Its exception apparatus adds enormously to the textual overhead needed to handle errors, without making programs correspondingly more robust or simple to maintain.

I'm not a bug fan of Java's exception handling and would prefer that almost all exceptions are runtime exceptions so that you don't have to declate them in your interfaces.

Its enforced garbage collection means that you have little control over the memory management, and general resource management, needed to tune performance and compensate for the poor low-level performance of the JVM. The garbage collection interferes with cache locality, so that programs often run from main memory instead of from cache, at an enormous speed penalty.

The analysis also suggests that, as locality becomes ever more important to program performance, programs written in garbage-collected languages may turn out to have significant performance advantage over programs written in more conventional languages.

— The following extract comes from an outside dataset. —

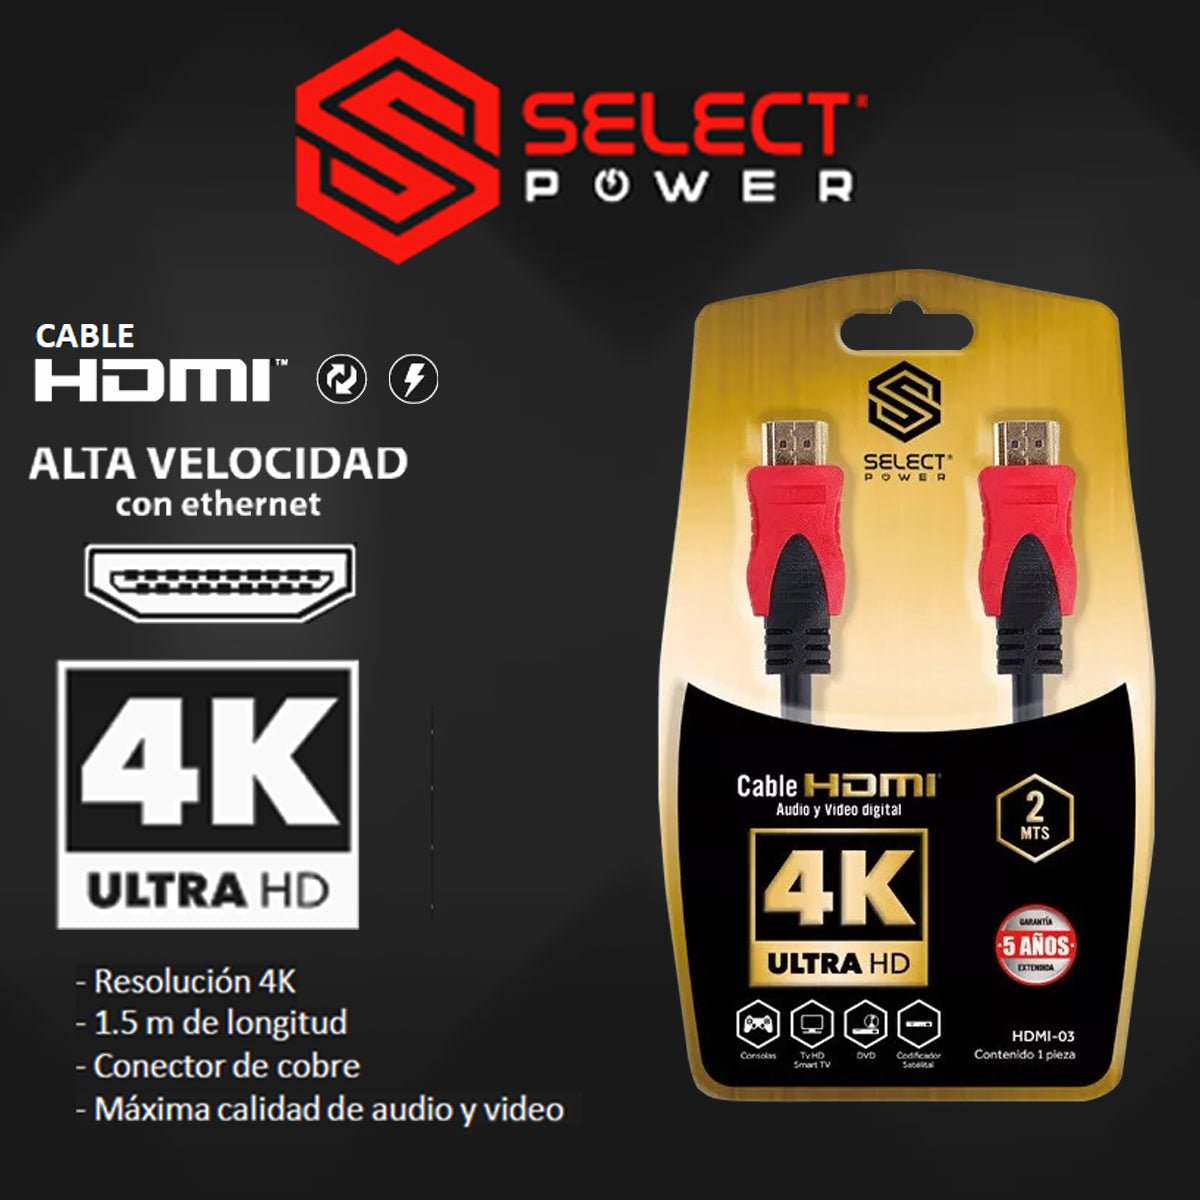 Cable HDMI HD 1080P 1,5 mt Sirve Para Conectar TV Play

As implementation techniques improve, the overhead has been reduced substantially, a 10 percent overhead of the overall execution time is reasonable for an well-implemented system [Wilson, 1994]

Surely C/C++/Asm give you more control, but how much do you win and at what cost ? Most programmers are not competent enough to properly and efficiently manage memory in a complex application, so a GC is the best way of doing things for the great majority of programs. Giving the programmer too much low level controls is the best way to obtain a program which cannot be optimized properly by a compiler/VM because it won't be able to know which low level instructions are just an optimization attempt by the programmer and which are a functionnal requirement. Asm gives you even more control than C++, yet is not used anymore. Because we found it was better to let a compiler optimize register allocation rather than have human beings obscuring source code trying to do it by hand. We'd have better programs if all the talented programers who spent some time crafting custom memory allocation schemes for thousands of programs, and debugging them, had dedicated some time improving GC algorithms and implementations.

I do not see how a GC interfers with general resource management.

And what is an enormous speed penalty exactly ?

You still haven't convinced me that Java programs are unavoidably crippled by language-design choices meant to serve proprietary companies' need to distribute closed binaries.